Thousands of burglars face automatic electronic tagging for up to a YEAR after their release from prison in bid to cut reoffending rates
- Justice Secretary Brandon Lewis will expand the electronic tagging scheme
- Offenders who were in prison for three months or more will have to be tagged
- Electronic tag sallow an offender’s location to be monitored 24 hours a day
Thousands of burglars face automatic tagging on release from jail in a bid to cut reoffending.
Justice Secretary Brandon Lewis is to expand the electronic tagging scheme to cover thousands of burglars, robbers and thieves serving short sentences.
All those jailed for more than three months will now have to wear a tag for up to a year on their release from prison.
Currently the measure applies only to those jailed for more than a year.
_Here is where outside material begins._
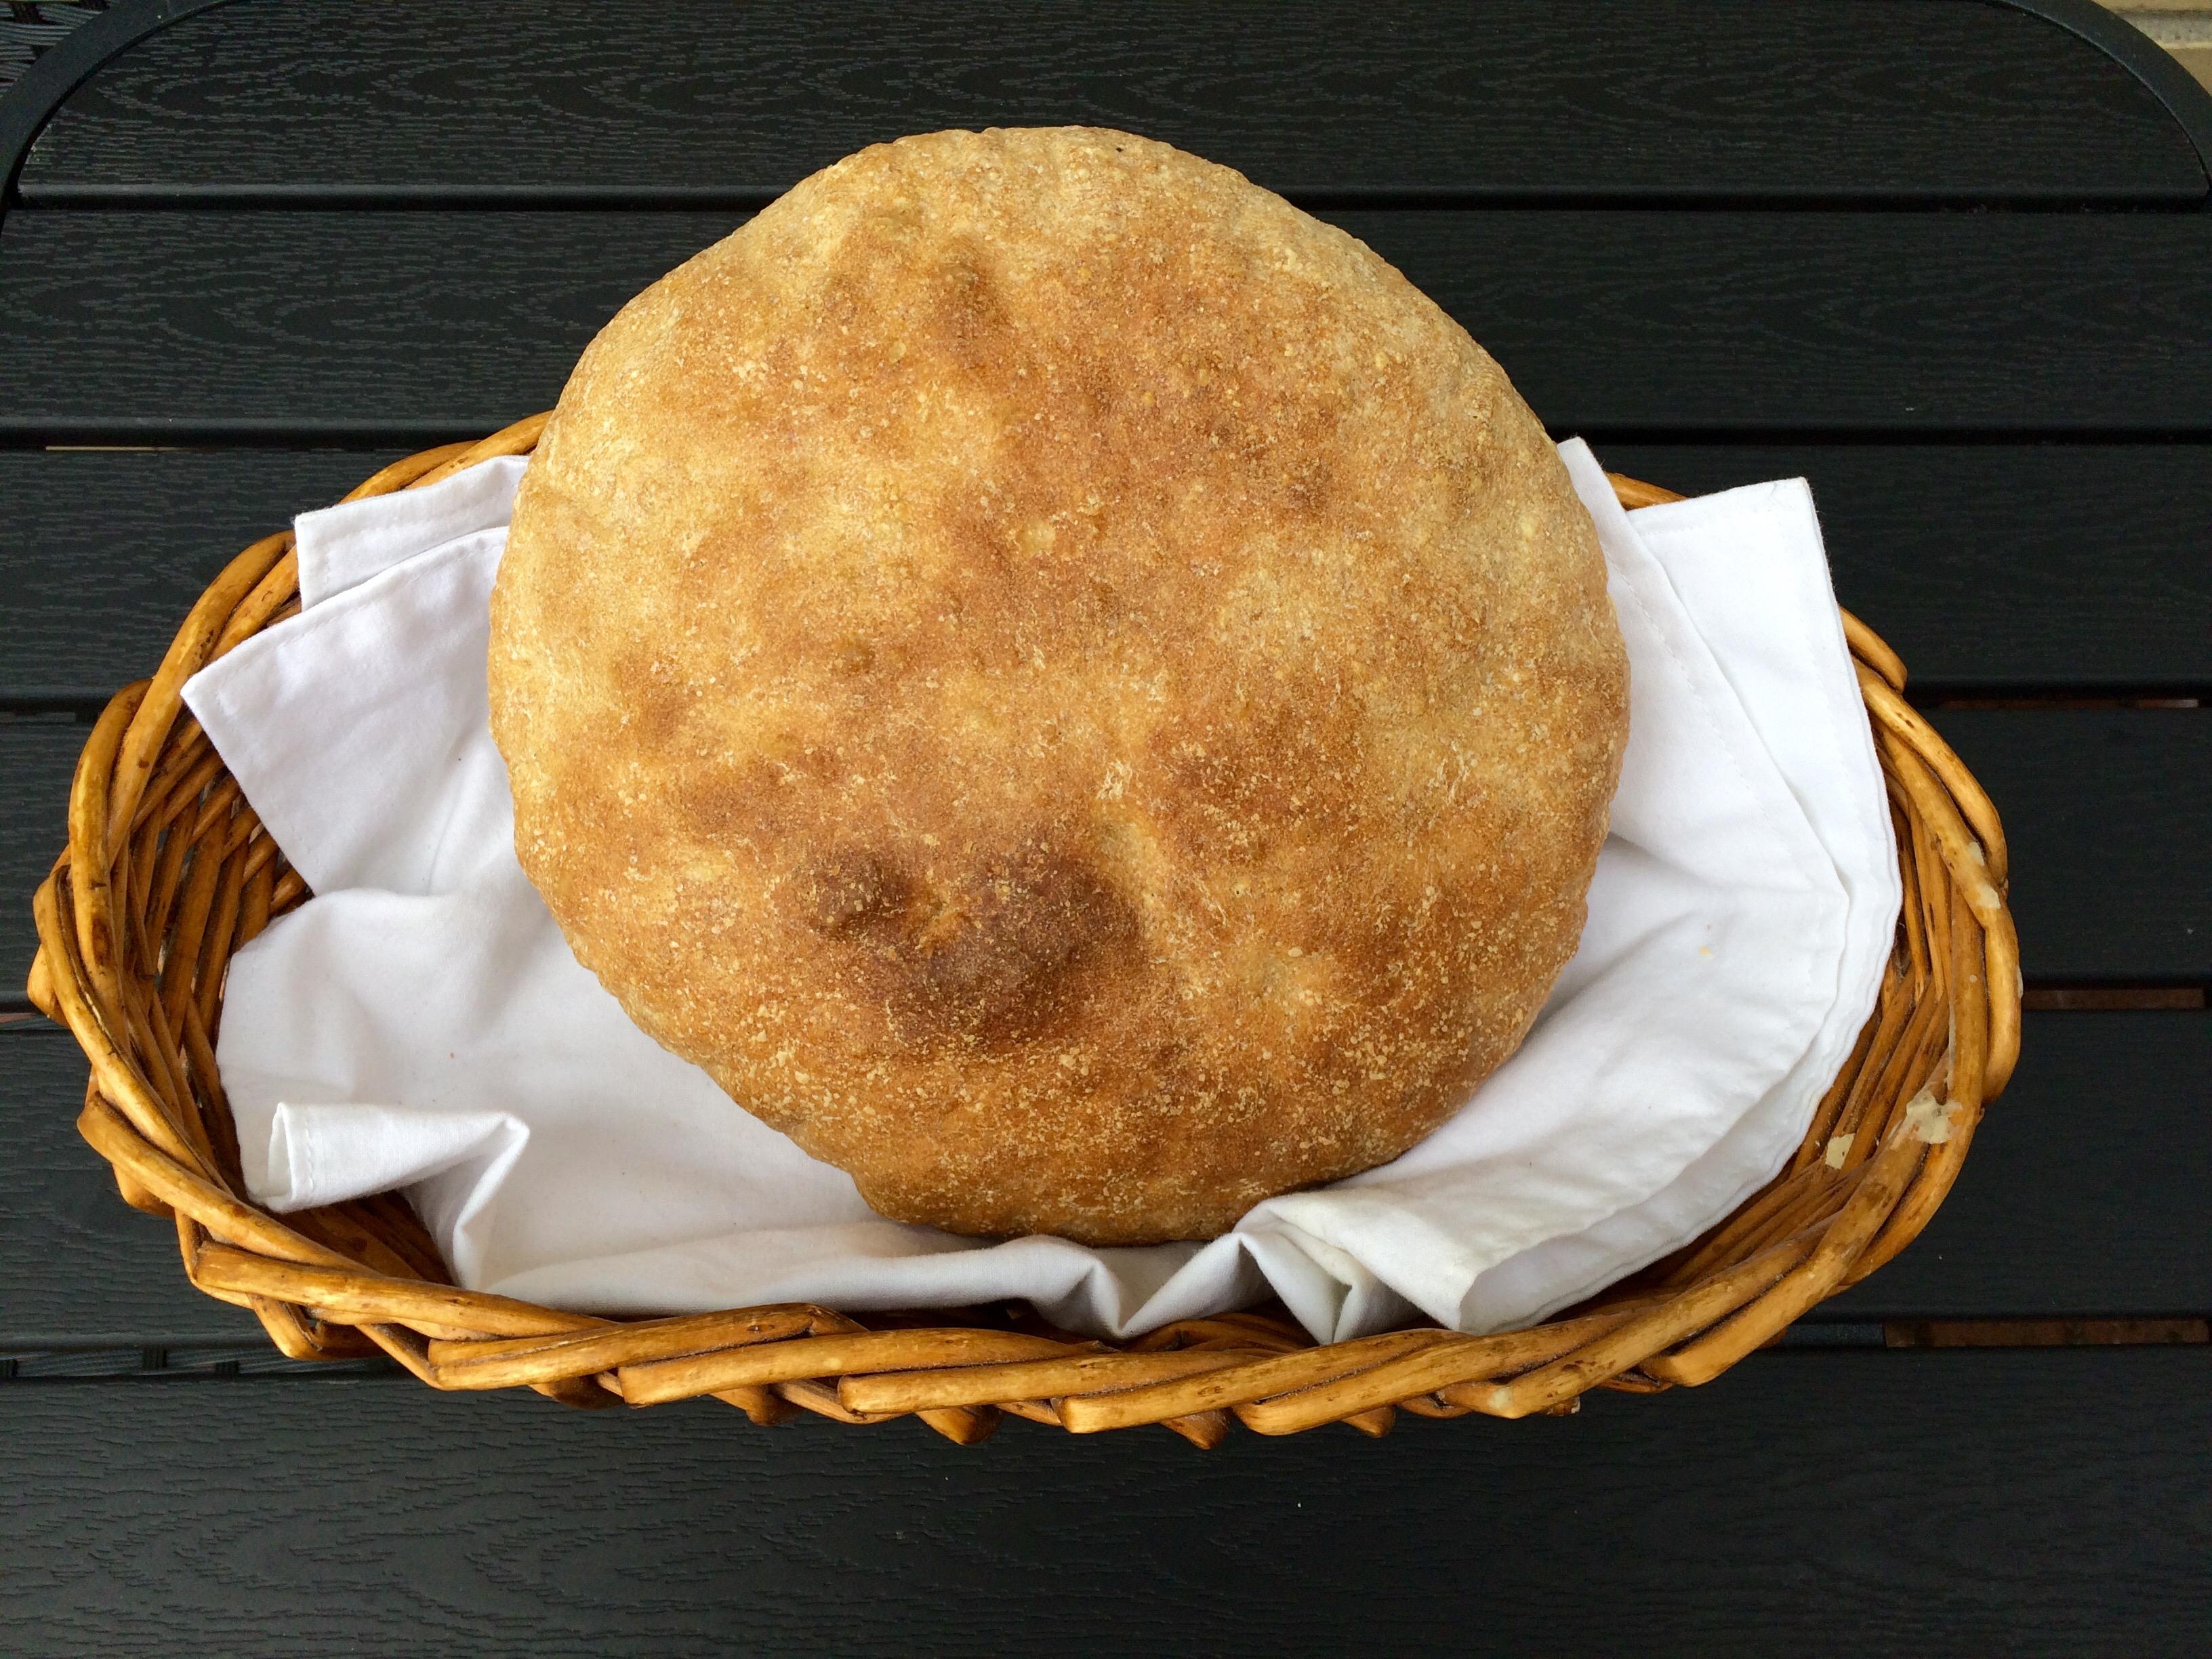 Ternin maalaisleipä – Pane di Terni

In an interview with the Daily Mail, the Justice Secretary said it was a personal priority to ‘make sure victims have confidence in the system’.
Justice Secretary Brandon Lewis is to expand the electronic tagging scheme to cover thousands of burglars, robbers and thieves serving short sentences
Mr Lewis said: ‘One of the things we can do on that is to be a bit tougher on criminals.
‘We know that reoffending rates are high, particularly for people who have not gone into active employment, and having people with tags means we’ve got more control and understanding and can monitor what they’re doing, where they are.
‘We can see if somebody was in the vicinity of a crime if that happens again.
‘This isn’t instead of prison, this is on top of it – we’re being tougher with people who have committed an offence, but you know, people who burgle and steal are the scourge of their communities.’
The extension of tagging has been trialled in 19 police force areas and is credited with a 45 per cent drop in reoffending. The Ministry of Justice said the move was initially expected to lead to the tagging of an extra 2,000 criminals a year, but Mr Lewis said that he eventually wanted to see ‘many thousand more’ offenders to be monitored.
A source said that theft and burglary have some of the highest reoffending rates, with 45 per cent of those convicted going on to commit another crime within a year, compared with an average of 21 per cent for other offences.
Electronic tags, typically worn on the ankle, allow an offender’s location to be monitored 24 hours a day by GPS satellite
Electronic tags, typically worn on the ankle, allow an offender’s location to be monitored 24 hours a day by GPS satellite.
Mr Lewis said tagging was a ‘very big deterrent’ to those who might otherwise be inclined to commit more crimes. ‘If anything happens in any area where they’ve been then we’re going to know about it,’ he said.
He added: ‘There’s no argument and no alibi if the GPS shows you were in that place at that time, you’re bang to rights.’
Ministers have come under mounting pressure to prioritise burglary, where the proportion of offences ending in a charge has fallen to barely 5 per cent.
Mr Lewis acknowledged the need for further action, and said Home Secretary Suella Braverman was ‘very focused’ on ensuring the police treat burglary as a greater priority.
And he suggested that forces would get less criticism over woke controversies such as officers dancing at gay pride events, if they ensured that they were dealing with ‘core issues’ such as burglary and theft.
‘This is something the Home Secretary is very, very focused on,’ he said. ‘She wants to ensure that the public have got confidence that police are focused on the crimes that are affecting communities.
‘Over the last few months, members of the public have been commenting on some of what police get up to in terms of some of the stuff around the parades. People don’t mind that… if they’re also dealing with the core issues.’
He added: ‘People need to know the first key aim and focus of the police is dealing with crime and playing their part making people’s communities safe. Burglary is a good example of that.’